# Vorschlag für den Charplaner



## Dorthonion (19. Mai 2008)

Hi,
ich hab mal mit dem Charplaner hier auf buffed rumgespielt und da ist mir der Gedanke gekommen, ob man nicht zusätzlich noch Raidbuffs mit einbeziehen kann. Dass man seinen Wunschchar auch mal mit Pala/Priesterbuffs etc. sehen kann und ob er im Raid das erreicht, was er erreichen soll. Was meint ihr dazu?
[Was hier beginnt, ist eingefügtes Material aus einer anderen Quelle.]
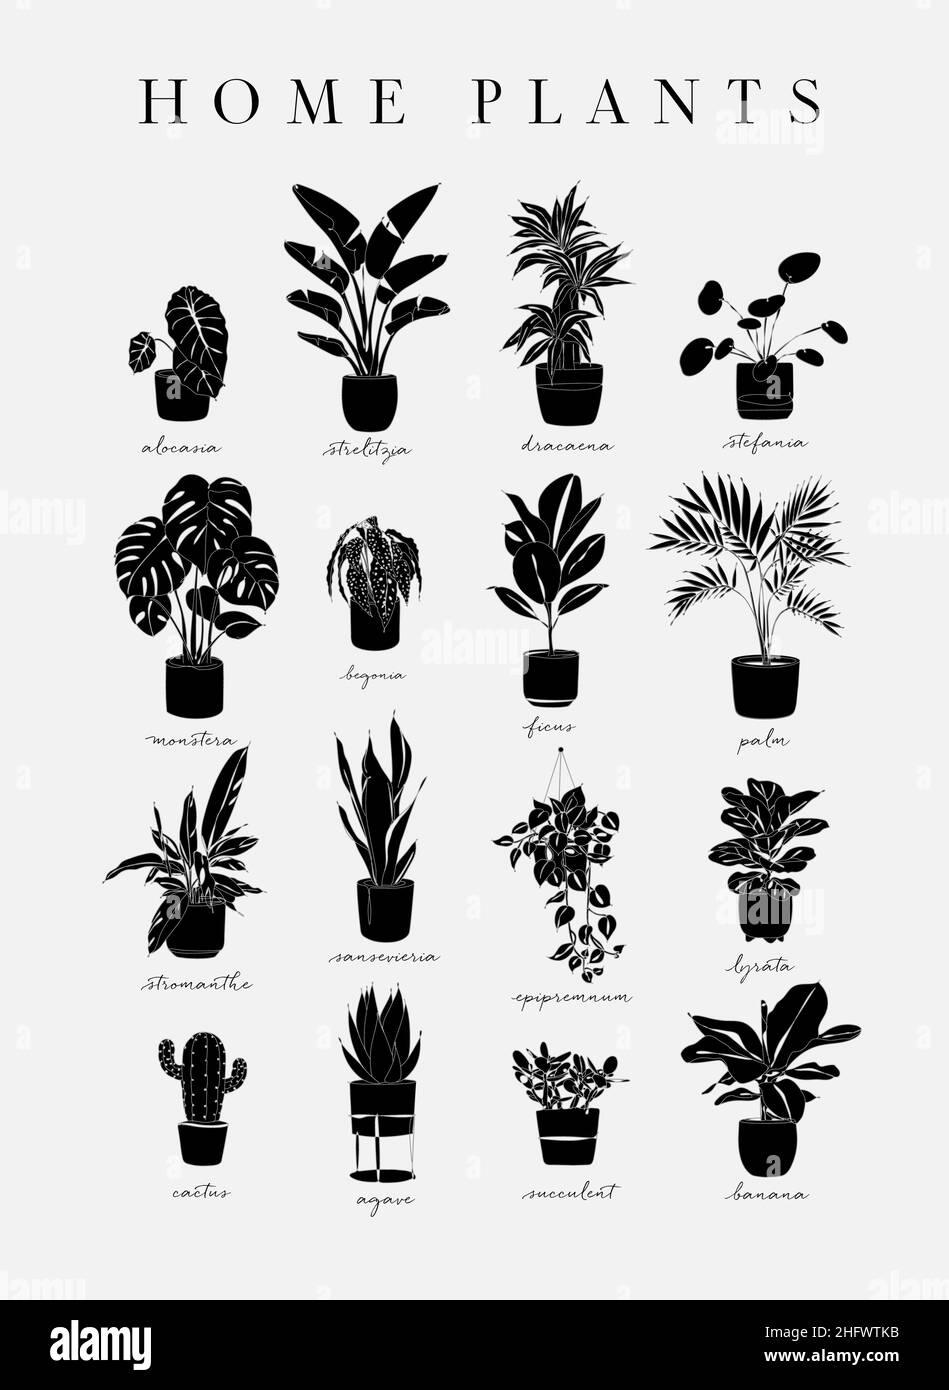 Poster home plants in linear style alocasia, strelitzia, dracaena, stefania, monster, begonia, ficus, palm, stromanthe, epipremnum, lyrata, cactus, ag Stock Vector

Und an das buffed-team, wäre es möglich das zu machen?


----------



## QcK (19. Mai 2008)

-.- sry war ein doppelpost wegen inet laggs... könnte das ein mod bitte löschen? ^^


----------



## QcK (19. Mai 2008)

hm möglich schon aber sehr viel aufwand... grade wenn man auch danach geht, dass man bestimmte buffs ja skillen kann... udn wenn man dann als beispiel den Krieger Buff "Schlachtruf" nimmt, der kann 5x geskillt werden... also umsetzbar warschienlich schon nur die frage ob sich buffed die mühe macht 


			Dieser Inhalt steht nur eingeloggten Mitgliedern zur Verfügung.
        

 aber gut finde ich die idee auch


----------



## Xenor Salbeira (26. Mai 2008)

Ich bin dafür! Gerade bei der Berechnung von Beweglichkeit < Critwertung wenn man nun SDK bekommt und so finde ich von Bedeutung. Bin auf jeden dafür, dass so schnell wie möglich zumindest grundsätzliche Raidbuffs einplanbar werden :-P


----------